This paper extends the method and its application. It extends the
method by using leaf-path ancestors of \cite{sampson00} instead of
trigrams, which capture internal syntactic structure---every leaf in
a parse tree records the path back to the root.
The corpus used for testing is the International Corpus of English,
Great Britain \cite{nelson02}, which contains syntactically
annotated speech of Great Britain. The speakers are grouped into
geographical regions based on place of birth. This is different in
both nature and number than previous experiments, which found
differences between two groups of Norwegian L2 learners of
English. We show that dialectal variation in eleven British regions from the ICE-GB
is detectable by our algorithm, using both leaf-ancestor paths and trigrams.
\end{abstract}
\section{Introduction}
In the measurement of linguistic distance, older work such as
\cite{seguy73} was able to measure distance in most areas of
linguistics, such as phonology, morphology, and syntax. The
features used for comparison were hand-picked based on
linguistic knowledge of the area being surveyed. These features,
while probably lacking in completeness of coverage, certainly allowed
a rough comparison of distance in all linguistic domains.

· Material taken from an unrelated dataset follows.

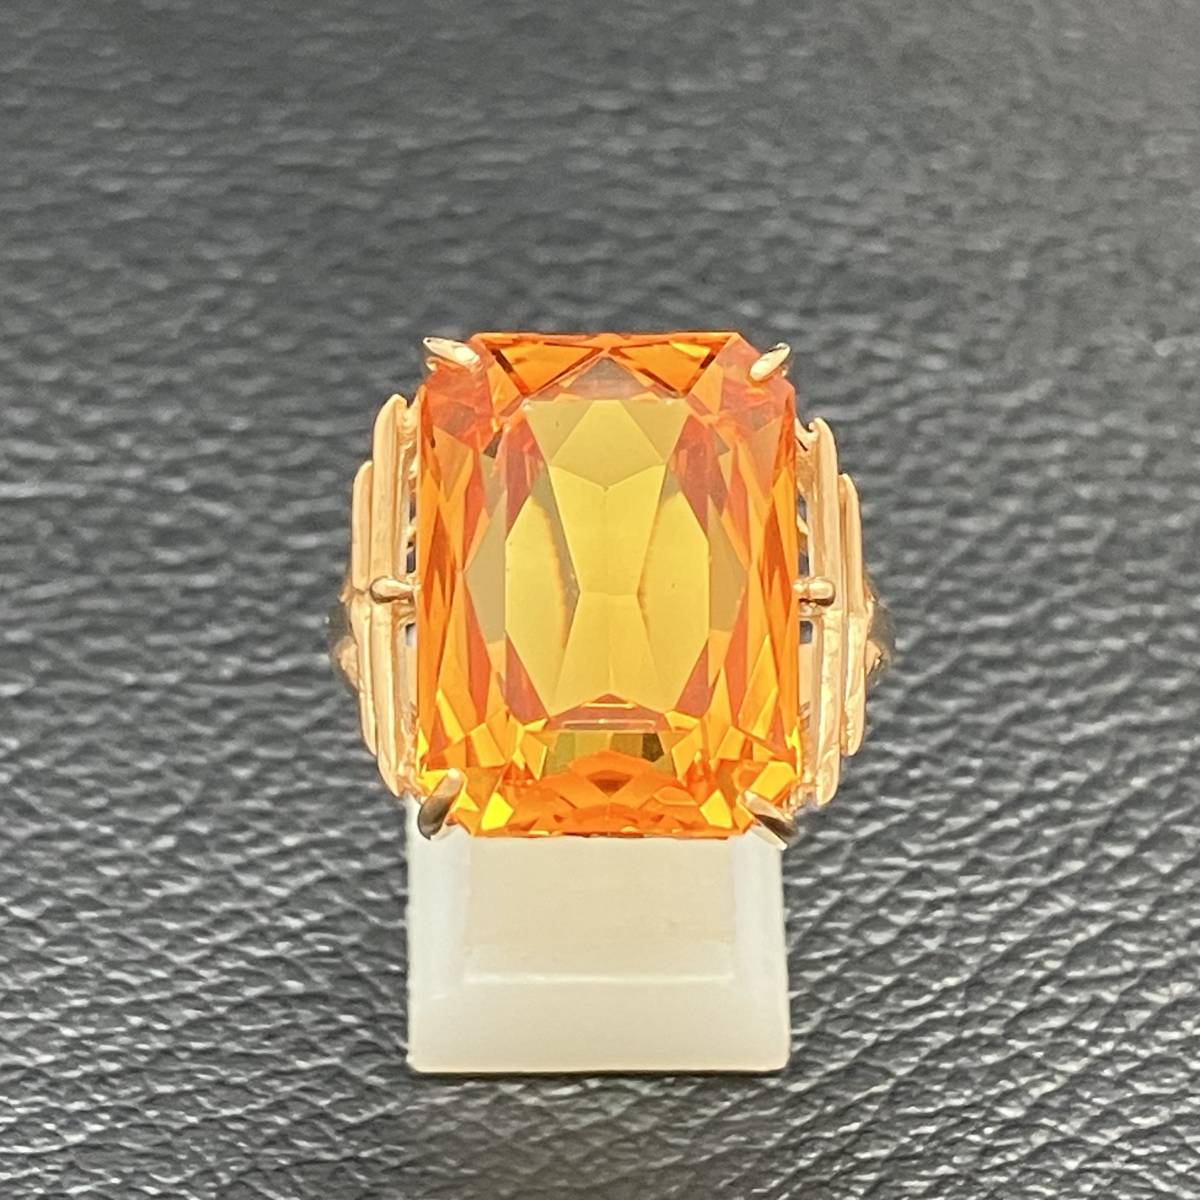 新品仕上済み オレンジ 石 デザイン リング K18 14号 6.8g 金 イエロー ゴールド 指輪 店舗受取可の画像2

In contrast, computational methods have
focused on a single area of language. For example, a method for
determining phonetic distance is given by \cite{heeringa04}. Heeringa
and others have also done related work on phonological distance in
\cite{nerbonne97} and \cite{gooskens04}. A measure of syntactic
distance is the obvious next step: \cite{nerbonne06} provide one such
method. This method approximates internal syntactic structure using
vectors of part-of-speech trigrams. The trigram types can then be
compared for statistically significant differences using a permutation
test.
This study can be extended in a few ways.
First, the trigram approximation works well, but it
does not necessarily capture all the information of syntactic
structure such as long-distance movement. Second,
the experiments did not test data for geographical dialect variation,
but compared two generations of Norwegian L2 learners of English, with
differences between ages of initial acquisition.
We address these areas by using the syntactically annotated speech
section of the International Corpus of English, Great Britain (ICE-GB)
\cite{nelson02}, which provides a corpus with full syntactic annotations,
one that can be divided into groups for comparison. The sentences
of the corpus, being represented as parse trees rather than a vector
of POS tags, are
converted into a vector of leaf-ancestor paths, which were developed
by \cite{sampson00} to aid in parser evaluation by providing a way to
compare gold-standard trees with parser output trees.
In this way, each sentence produces its own vector of leaf-ancestor
paths. Fortunately, the
permutation test used by \cite{nerbonne06} is already designed to
normalize the effects of differing sentence length when combining POS
trigrams into a single vector per region. The only change needed is
the substitution of leaf-ancestor paths for trigrams.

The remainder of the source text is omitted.